И выходило так, что наказанья было предостаточно, а жалованья – нету. Одни лозы.
И многие убегали, несмотря на караул, несмотря на то, что за побег – каторга.
Главным начальством в цифирной школе был ректор, комиссар адмиралтейской конторы, неизвестный человек из немецких проходимцев. Тучный, налитый кровью, вечно пьяный, он знал одно: строить школяров в шеренгу и глядеть – ровно ли стоят.
Все драгуны стояли ровно, дело привычное.
А у Васятки – то живот вперед, то ноги не так, то еще что. Немец медленно, как бы нехотя, подходил к нему, спрашивал:
– Корох многа ел? Пусо торчаль… пфуй!
И пребольно тыкал тростью в живот.
Васятка все это терпел. Он старался в науках, и словесного учения мастер Семен Минин его полюбил.
Он показал, как переплетать книги, и мальчик быстро понял и стал Семеновым помощником.
Переплетая, Василий увидел разные книги, из которых иные оказались презанятные.
Особенно ему понравилась небольшая книжка, которая называлась «Поверстание кругов небесных». Из нее Васятка узнал, что небесные планиды суть такие же великие махины, как и Земля. А Земля – шар, и ежели глядеть на нее с другой планиды, то и она горит, как звездочка.

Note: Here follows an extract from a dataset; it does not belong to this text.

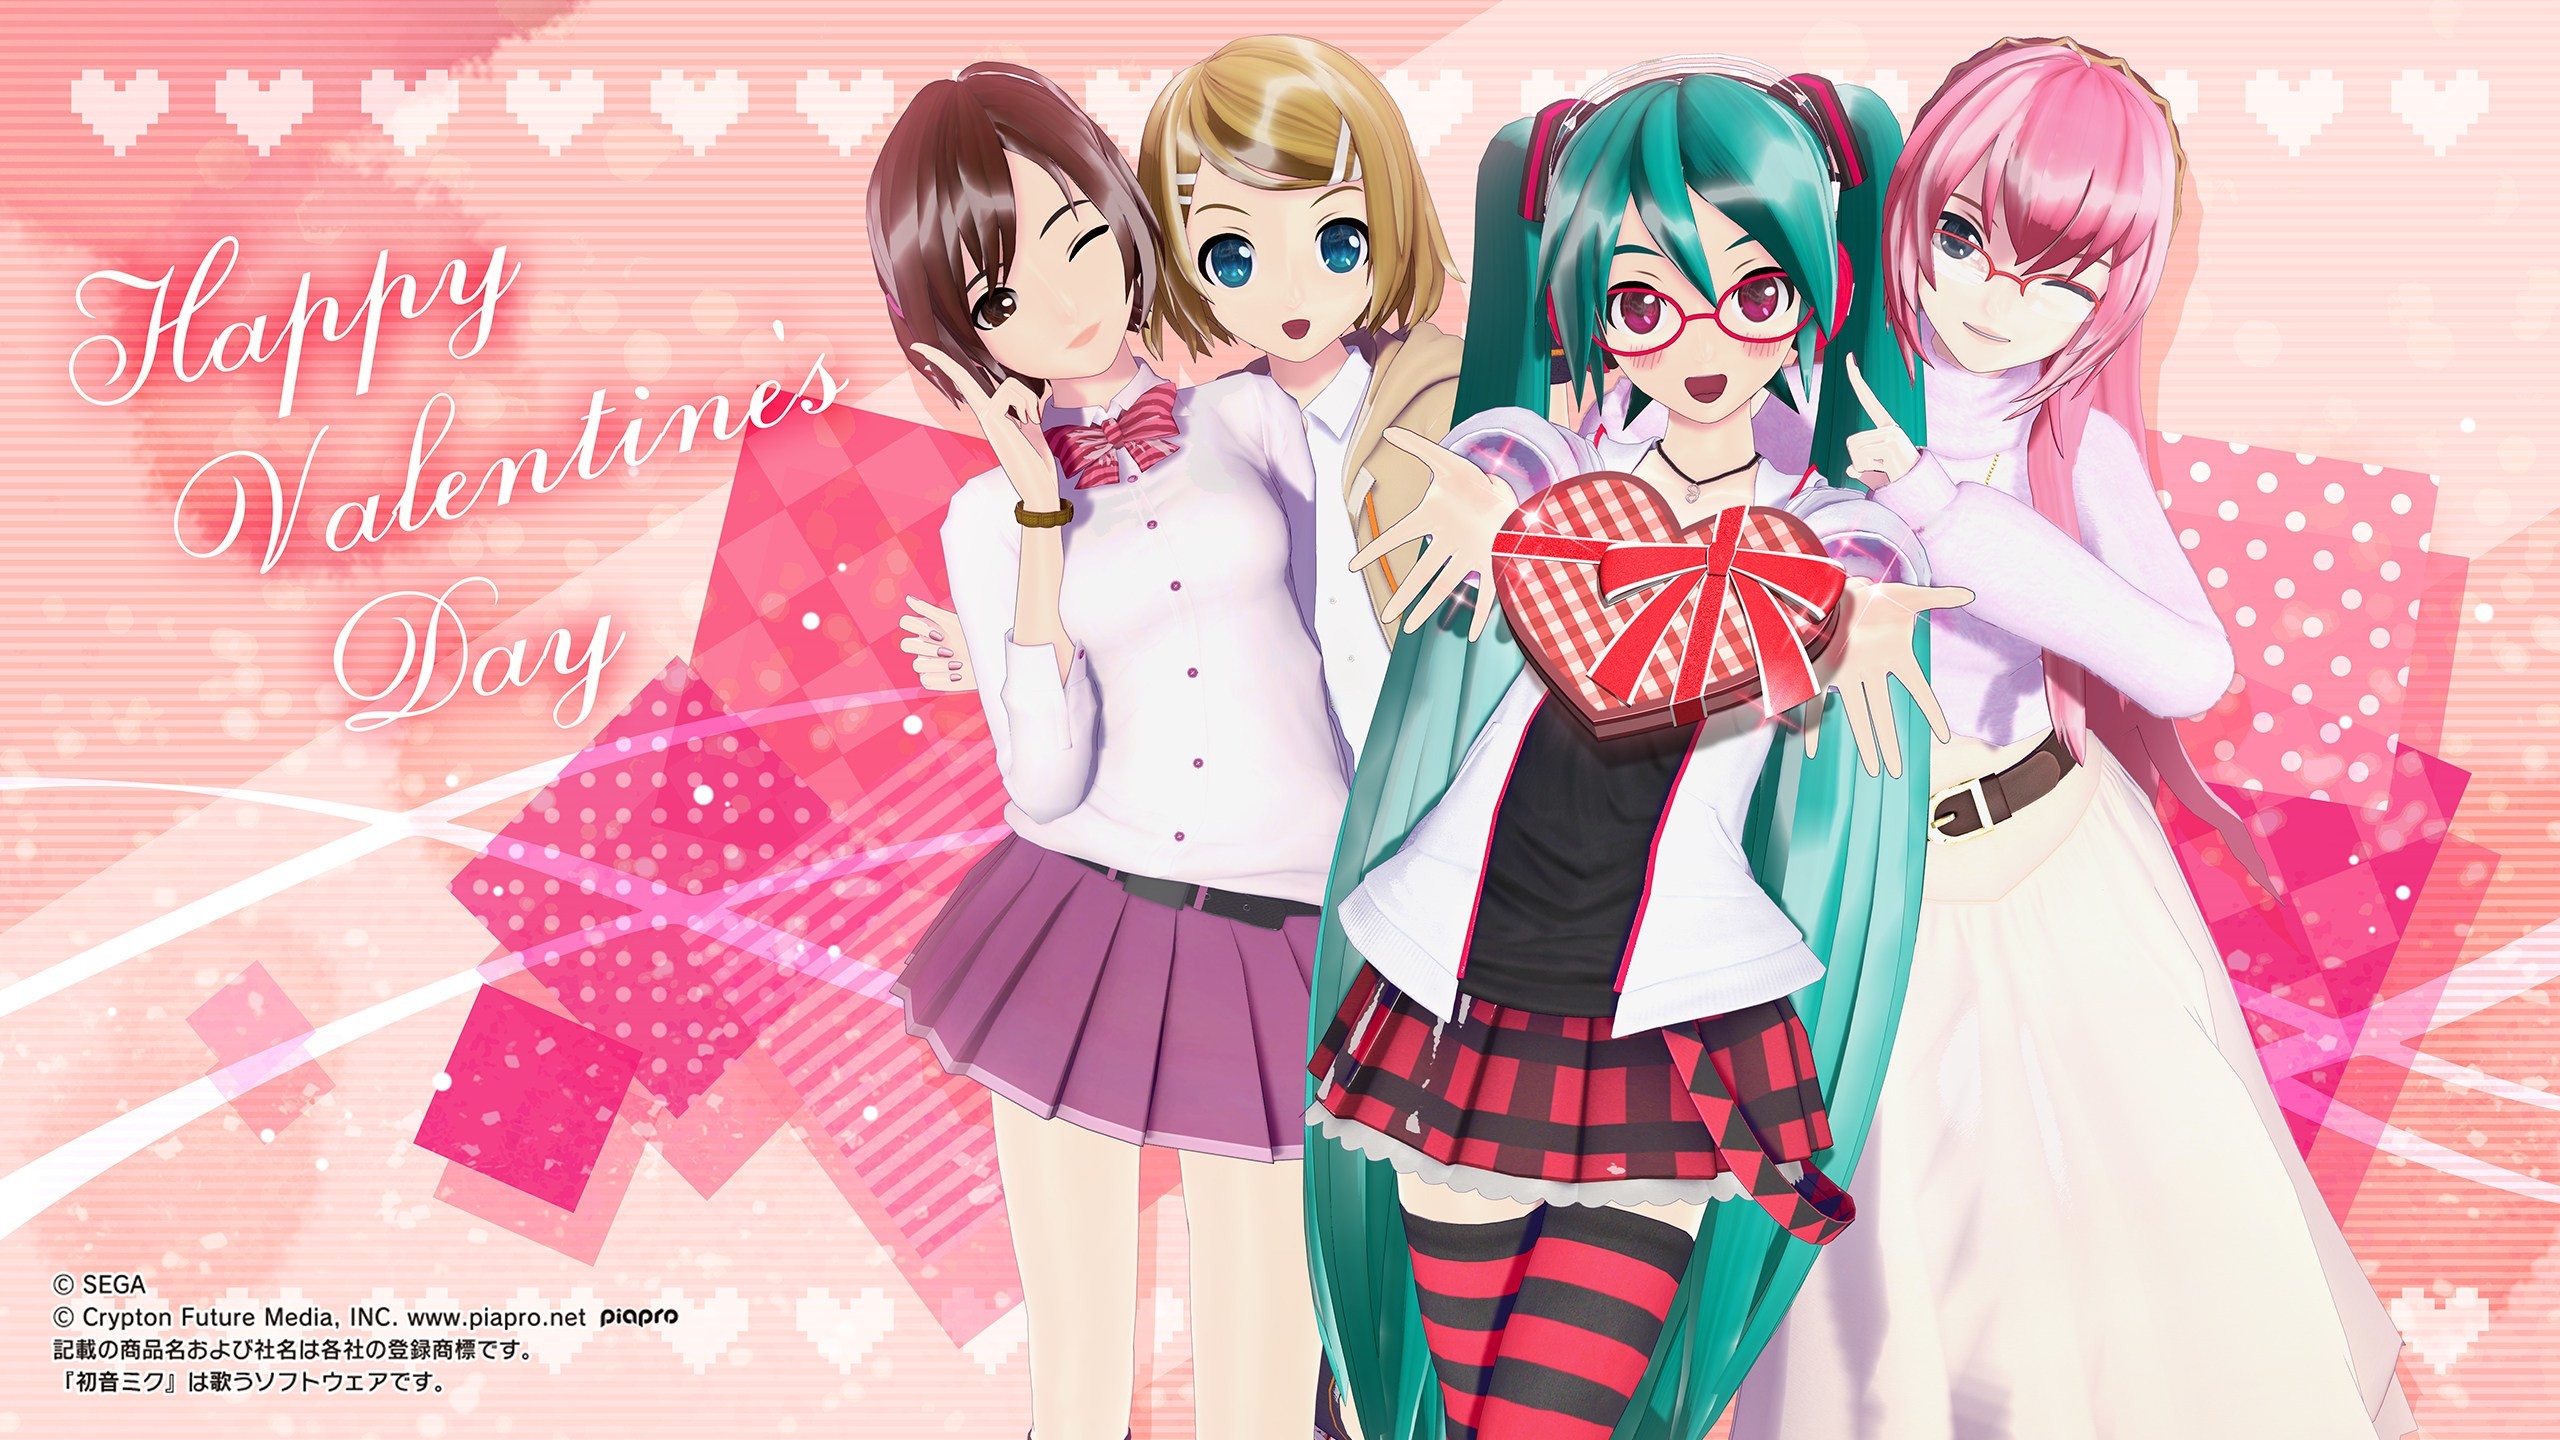 Project DIVA Team Celebrates Valentines Day With Project DIVA X Video and Wallpaper

Затем он увидел книгу «Прославление дел Петра». В ней был нарисован Питер, по непохоже. Он сидел на престоле, а по бокам стояли простоволосые бабы и держали в руках математицкие инструменты: циркуль, угольник и свитки с чертежами.
Он спросил у Минина, что это за бабы. Тот сказал:
– Аллегории. Науки как бы в лицах.
Аллегории Васятке понравились.
Но как он ни старался стоять в строю, а все этак ловко, как у драгун, не получалось. И краснорожий немец все тыкал его в живот тростью.
Васятка терпел. Оп терпел потому, что запомнил слова Питера: как-де одолеет письмо с математикой, так пошлем в Голландию учиться живописи.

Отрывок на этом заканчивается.